Connecticut’s massive long-term debt, deep pockets of poverty and more than 20 years of stagnant job growth threaten to sink the state’s economy for decades unless major reforms are enacted, according to a report Wednesday from a national fiscal responsibility group and the University of Connecticut’s economic think-tank.
Comeback America Initiative founder David M. Walker and UConn economics Professor Fred V. Carstensen, who outlined their report at the Hartford Marriott, called for dramatic new reductions on public worker retirement benefits, deeper investments in transportation, education and economic marketing, and an enhanced “culture of transparency” that will drive greater efficiencies in state spending.
Each CT resident owes more than $50,000
Though Connecticut has one of the highest bonded debts, per capita, of any state in the nation, that represents just a fraction of the crippling debt taxpayers must answer for the in near future, said Walker, a Bridgeport resident and former U.S. comptroller general under President Clinton. He launched his Comeback America campaign for fiscal responsibility in 2010.
The picture goes from bad to scary, the report says, when one considers state employee and public school teacher pension funds that have less than half the resources they need to meet future obligations, as well as a state retiree health care program for which government has saved almost nothing..
Connecticut ranked dead last among states in 2011 when all debt is combined and assessed on a per capita basis. Each man, women and child effectively owed $50,900 here.
The second-worst state, Illinois, had per capita debt of $38,500. Ohio and Washington ranked in the middle with $7,700 and $8,200 owed, respectively. Six states, particularly those rich in energy resources, topped the list with positive balances, led by Alaska with an average per person credit of $34,100.

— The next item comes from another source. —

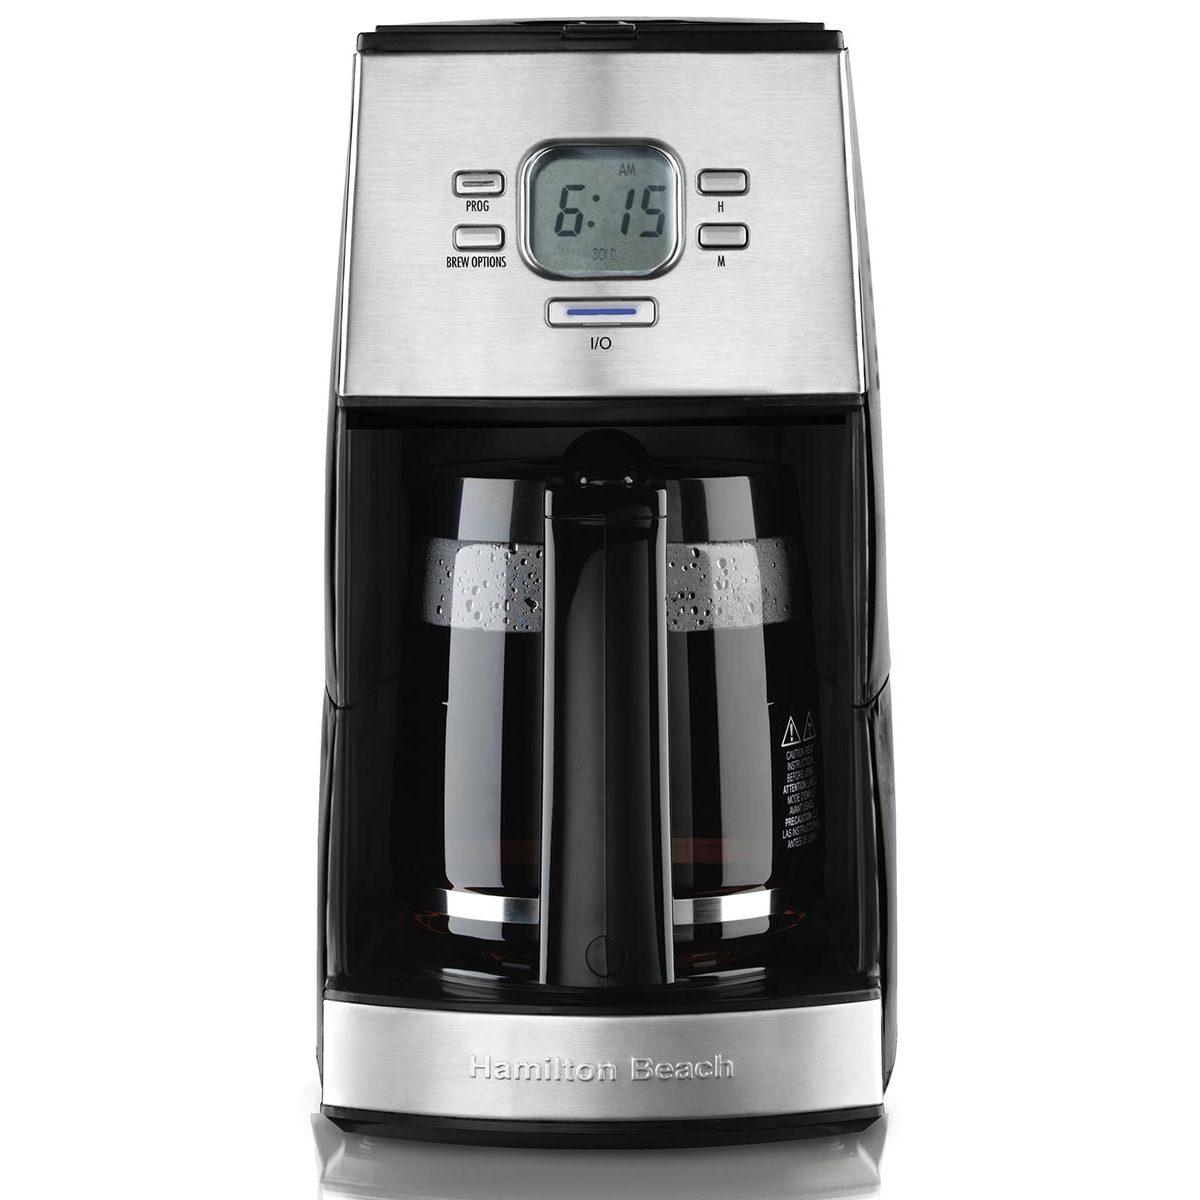 Hamilton Beach 12 Cup Programmable Coffee Maker Black 43254r

And even though interest is not charged on retirement benefit debt, it ultimately translates into state budget deficits that often are financed with bonding — and interest charges.
Though interest rates have been kept low artificially, largely by the Federal Reserve System, that cannot continue much longer, Walker said, adding that it represents a crippling financial blow for Connecticut somewhere down the road.

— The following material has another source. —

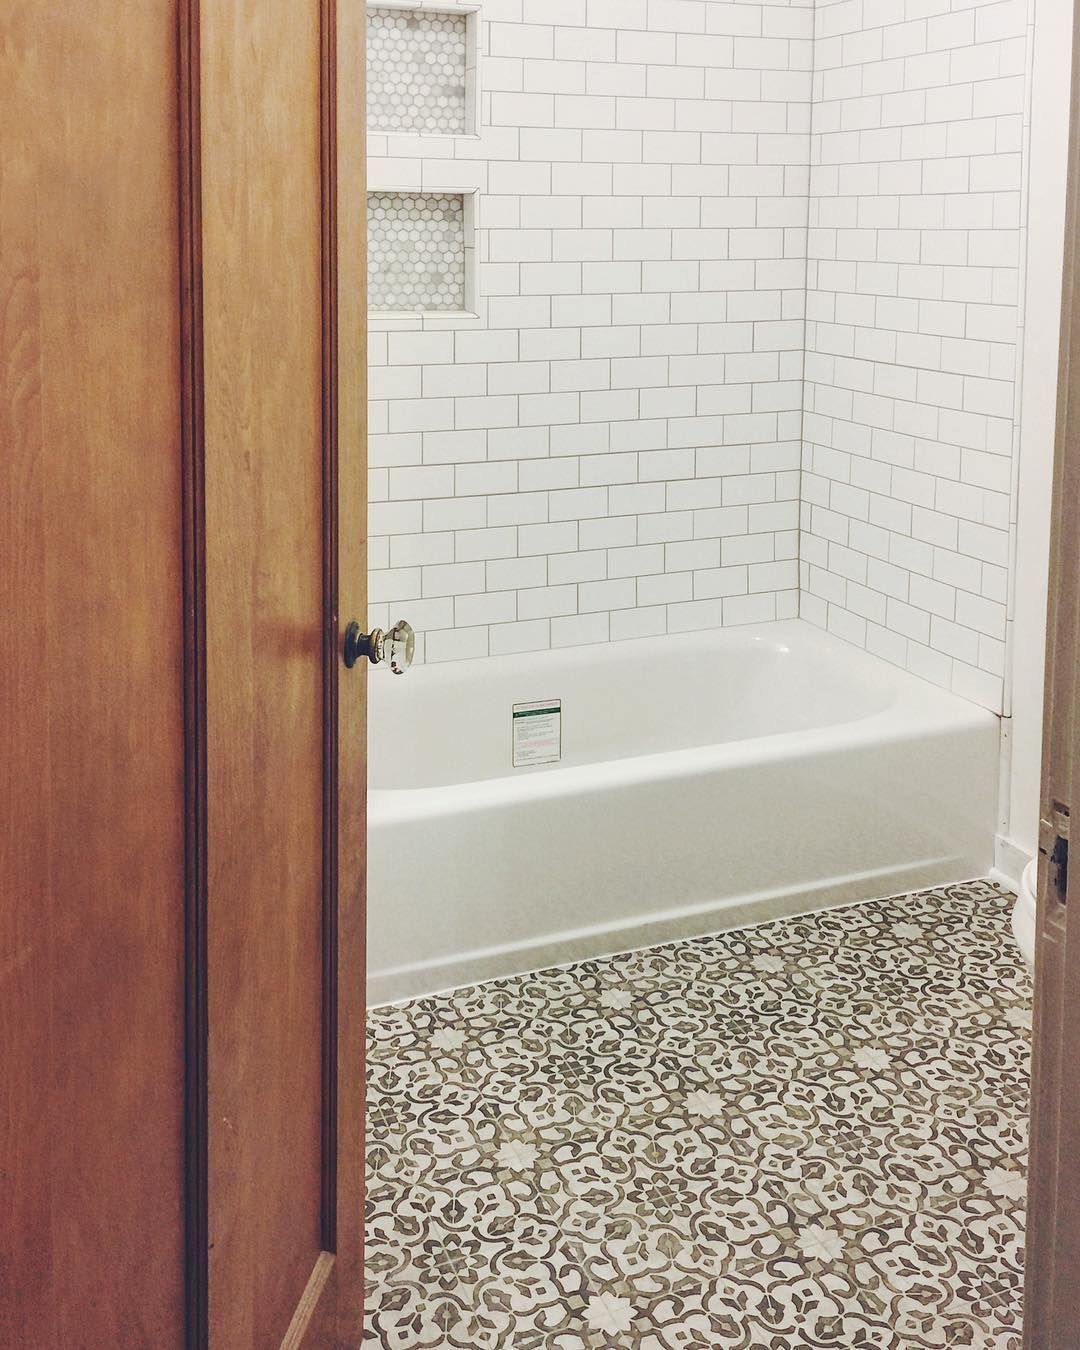 Mannington Filigree In Iron Vinyl Flooring Kitchen Bathroom Vinyl Patterned Floor Tiles

“It’s not a matter of if,” he said. “It’s a matter of when, how much, and how fast.”
Though state employees did agree to some restrictions on retirement benefits in 2009 and 2011, Walker said the reforms simply didn’t go far enough, and retiree health care in particular may need to change dramatically — both for existing and future state workers.
The existing benefits contract between state government and employee unions runs through 2022, but Walker predicted severe budget crises would spring up well before then. “That cannot stand,” he said.
Both Walker and Carstensen acknowledged that the huge cost of providing public-sector benefits stems largely from poor planning. State government provided very generous benefits for decades without saving anything to cover them over the long-term.
In addition, past governors and legislatures routinely raided worker pensions — with union permission — to close budget deficits.
No job growth and pockets of poverty
Unfortunately while this was going on in the 1990s and 2000s, Connecticut “hit the wall” in terms of growing private-sector jobs, said Carstensen, who is director of the Connecticut Center for Economic Analysis. “We have a terrible track record in terms of employment.”
Though the state’s shrinking manufacturing sector grabs plenty of media headlines, Connecticut largely has stabilized that segment of its economy through business innovation and efficiency, he said.
But the financial services, insurance and real estate sectors, which dominated the economy in the 1980s, have been on a two-decade-long plunge and “we don’t have a coherent strategy overall about how we’re going to address that issue,” Carstensen said.
Further complicating matters, the pain of that 20-year slide wasn’t felt equally, the UConn professor said, adding that Connecticut’s urban centers faced the worst of lost jobs, businesses and declining earnings. This, in turn, drove up local property taxes, which then accelerated the cities’ economic decline.
Connecticut has become one large suburb that maneuvers around economic sink holes in its big cities, a disparity that costs money. “Doughnuts do not succeed,” he said, adding that this poverty creates much greater costs for government, particularly with education.
“We’ve been trying to treat the symptoms too long. It’s time we started trying to treat the disease,” Walker said, adding that any so-called solution to fiscal woes that only relies on slashing all government spending will exacerbate urban poverty — and ultimately weigh down the whole state.
The first step in reversing these trends, Walker said, is for voters to demand a change in culture at the Capitol that demands greater transparency and accountability in all programs — which is the best way to weed out unnecessary spending and waste.
Carstensen noted that a recent restriction on worker health care negotiated by Gov. Dannel P. Malloy two years ago — a $35 co-payment for emergency room visits that don’t lead to a patient being admitted to the hospital — has cut ER visits by 40 percent since then.
But both Walker and Carstensen said state officials also will need to raise more revenue. Some should come from taxpayers with a revised system that asks the state’s wealthiest to pay more.
But Connecticut also should become more creative with tolls and other types of user fees that require those who heavily use public services and other resources to pay more.
“There’s no way we’re just going to cut our way out of this,” Carstensen said.